Corriere della Sera, 19 febbraio 2022
Calenda, il Pd e il caos con il 5 stelle
Roma Da un lato la questione delle alleanze nel centrosinistra e la mano tesa di Letta a Calenda (con il successivo reiterato stop di quest’ultimo ai 5 Stelle), dall’altro il nodo del governo. Nel giorno in cui inizia il congresso di Azione i leader di maggioranza si presentano alla kermesse e rispondono al richiamo all’ordine di Mario Draghi. Alle 9.30 al Palazzo dei Congressi dell’Eur c’è già il pubblico delle grandi occasioni: oltre mille partecipanti fra delegati e iscritti e le prime file già occupate da Enrico Letta (Pd), Roberto Speranza (Leu), Giovanni Toti (Coraggio Italia), Ettore Rosato (Italia viva), Benedetto Della Vedova (+Europa). Ad eccezione del leghista Giancarlo Giorgetti che si collegherà da remoto.
Il primo intervento è del segretario del Pd: «Noi dobbiamo senza alcuna ambiguità portare avanti l’azione riformatrice del governo Draghi». Il messaggio è forte e chiaro e, non a caso, gli farà eco il numero due della Lega: «Serve un esecutivo che decida, una democrazia che aiuti la crescita senza pensare a tornaconti elettorali. Serve un importante impegno di riforme: da vent’anni abbiamo avuto cambi di maggioranze, solo in questa legislatura un campionario incomprensibile per i nostri osservatori esteri». Per Tajani, Draghi «è l’unico in grado di tenere unite forze politiche differente». Sulla stessa scia il renziano Rosato: «Abbiamo la fortuna di avere Mario Draghi come il miglior premier che il nostro Paese possa avere, uomo di straordinaria autorevolezza nazionale e internazionale». Batterà lo stesso tasto, Toti: «Quest’anno è fondamentale e il governo deve essere messo in condizione di lavorare». In coro lodano e blindano Draghi e più di qualcuno sussurra dalla platea che «la giornata di oggi ha sigillato il governo Draghi anche dopo le urne del 2023».

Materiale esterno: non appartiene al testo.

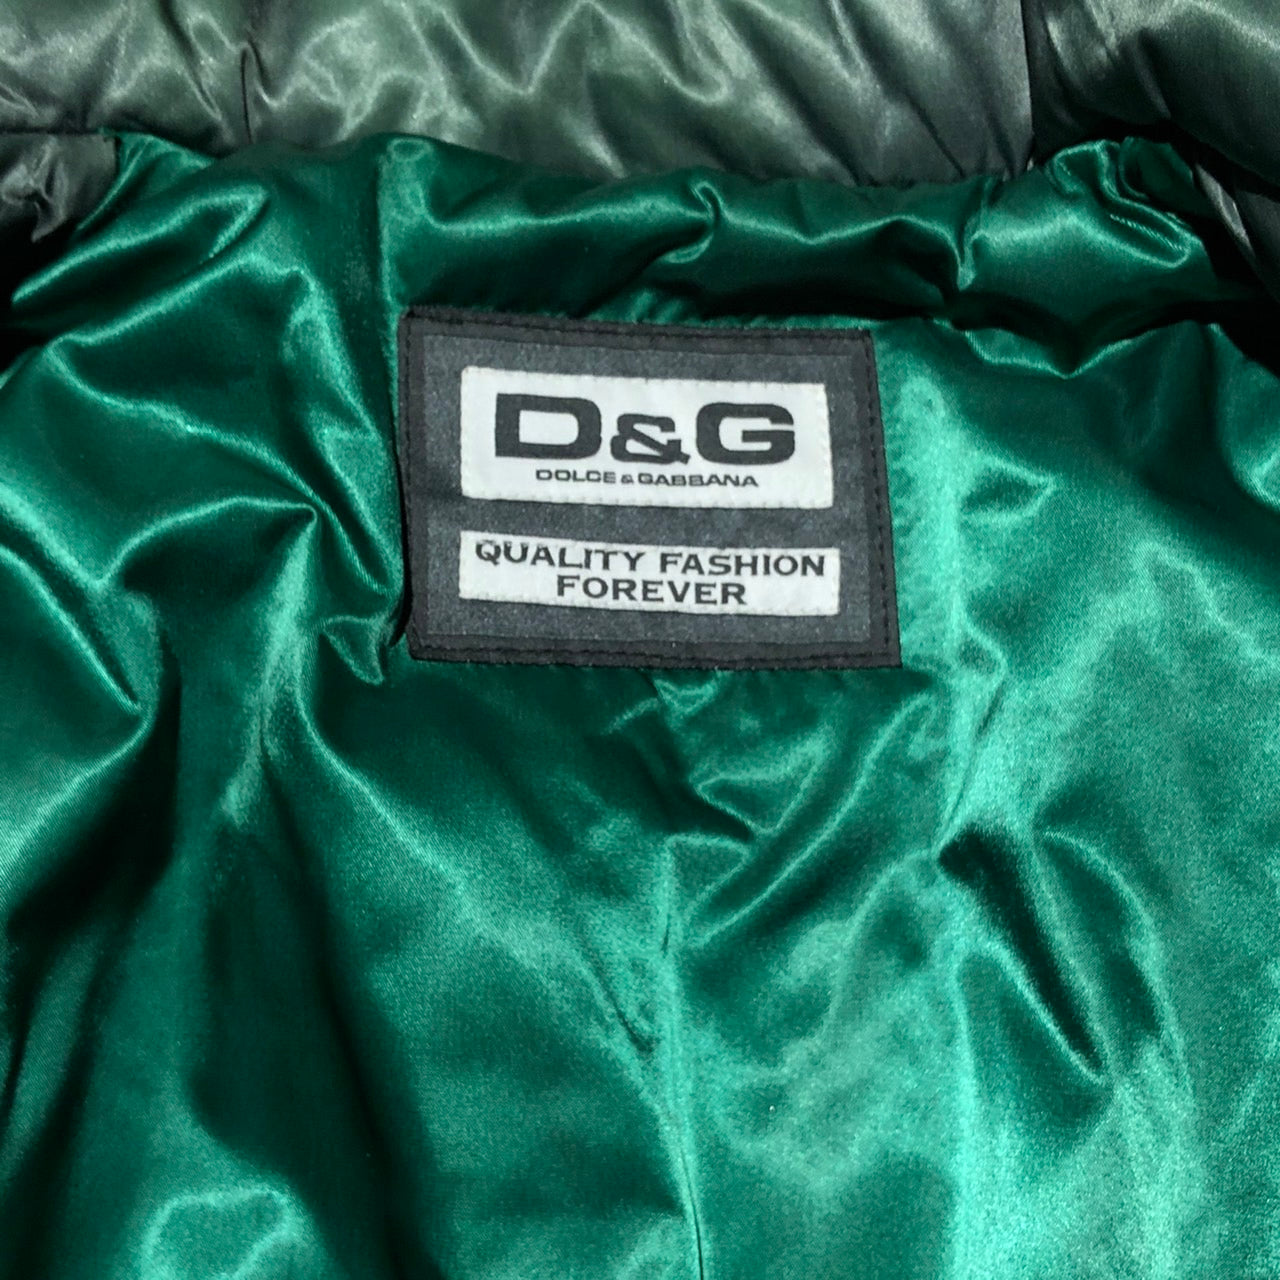 D&G DOLCE&GABBANA(ディーアンドジードルチェ&ガッバーナ) 90'sナイロンレザー切替ジャケット 46(M程度) カーキ

Ma a dominare è anche la riflessione sul prossimo appuntamento elettorale. Letta preconizza un campo largo del centrosinistra con dentro anche Azione: «Sono sicuro che insieme faremo grandi cose per il futuro dell’Italia, che insieme senza ambiguità vinceremo le Politiche 2023 e dopo il voto daremo un governo riformista, democratico e europeista eletto dai cittadini per rendere la politica al servizio del nostro Paese». Per Calenda la cosa si potrebbe anche fare «a condizione che non ci siano i 5 Stelle, ma sappiamo che questo non ci sarà: tutti fanno delle scelte dissennate, l’unico modo per spezzare è creare un fronte repubblicano per ricentrare la politica italiana sulle riforme». Insomma, al momento l’alleanza con il Nazareno sembra lontana. Forse Calenda ha più apprezzato la chiusura dell’intervento di Giorgetti quando il ministro dello Sviluppo economico ha sottolineato che «sicuramente per cambiare in meglio il Paese ci saranno grandi spazi di collaborazione». Una mano tesa che sembra prefigurare l’ipotesi di un governo largo anche dopo le elezioni del 2023. E allora non è un caso se la replica di Calenda non sia un’alzata di spalle: «Se la Lega è quella di governo, che accetta per l’Italia il destino comune europeo e diventa un partito popolare italiano assieme a Forza Italia, ci si deve dialogare. Se invece è quella di Salvini che un giorno dice una cosa e il giorno dopo un’altra, no».